Süper ay, Trump’un seçilmesi, Avrupa’da faşizmin yükselişi, FETÖ, PYD, DAEŞ derken insanlar “dünya nereye gidiyor?” diye bir endişeye kapıldı. Zaten yeni bir yılın eşiğindeyiz. Avrupa’da 2017 Kehanetleri en çok yazılan okunanlar arasında..
Hayat devam ediyor ve biz imtihan oluyoruz.. Bugün başka bir gündemi yazacağım.
Hep Müslümanların vahdetinden söz ediyoruz da, peki nasıl olacak bu iş. Sufi’si, Selefi’si, Şii’si yerinden milim kıpırdamayacak, kendini değiştirmeye yanaşmayacak, sonra da vahdet olacak..
Yok böyle bir şey.. Gerçekten vahdet istiyorsanız, dininizi Allah’a has kılacaksınız.. Yanılmaz önderlerin, liderlerin karizması çevresinde bir birlik iddiasında bulunmayacaksınız. Öyle haşa gayb tasarrufuna, kalpler üzerinde tasarrufa sahip liderlerle neyi istişare edeceksiniz, neyin şurasını yapacaksınız ki.
Bir de “vur de vuralım, öl de ölelim” diyenler var, ölmeye, öldürmeye hazır..
Mehdi gelecek, bizi kurtaracak öyle mi? Neden kimse Dabbetül Arz, Yecüc-Mecüc, Sekine gibi ismi açıkça belirtilenlerden değil de, tartışmalı konuları öne sürüyor hep..
Bakın, gelen mehdi değil, peygamber olsa, sizi kimse kurtaramaz. “Herkes için ancak yaptığının karşılığı vardır”. Peygamberlerin kurtarıcı gücü yok, onlar Allah’a, resulüne, kitaba, yani kurtuluşa, Allah’ın ipinden tutunmaya çağırırlar.. Kurtuluşa erenler bu davete olumlu cevap verenlerdir.
Mehdi-Mesih gelecek kendilerini kurtaracak diye bekleyenlere kötü bir haberim var..

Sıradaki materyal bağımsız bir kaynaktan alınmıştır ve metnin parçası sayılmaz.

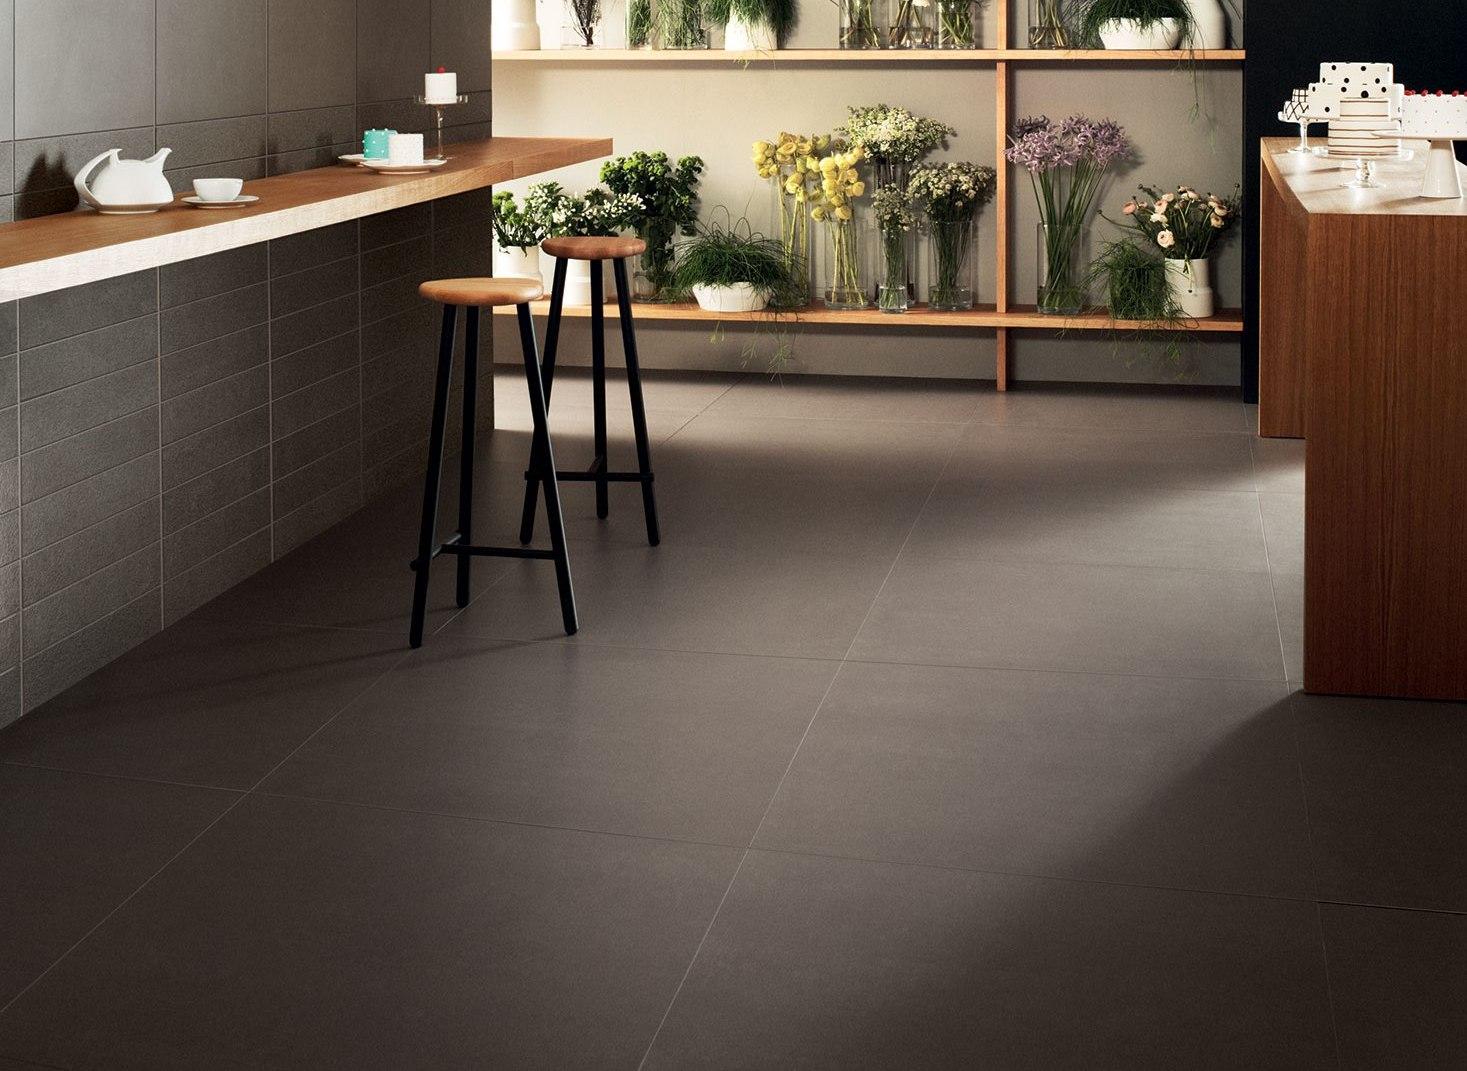 Parquet grigio chiaro pavimento grigio chiaro parquet in for Strumento di progettazione del layout del pavimento

ABD, kadrolu bir mehdi gönderirse ne yapacaksınız? Evrenesoğlu da Mehdi, Gülen zaten Kainat İmamı, Mezarcı Mesih.. Yahudiler, Hristiyanlar, bizdeki Şiiler, Sünniler farklı kişilikleri bekliyorlar. Biri Armageddon’dan, ötekisi Melheme-i Kübra’dan, biri anti Chirist’ten, öteki Deccal’den söz ediyor..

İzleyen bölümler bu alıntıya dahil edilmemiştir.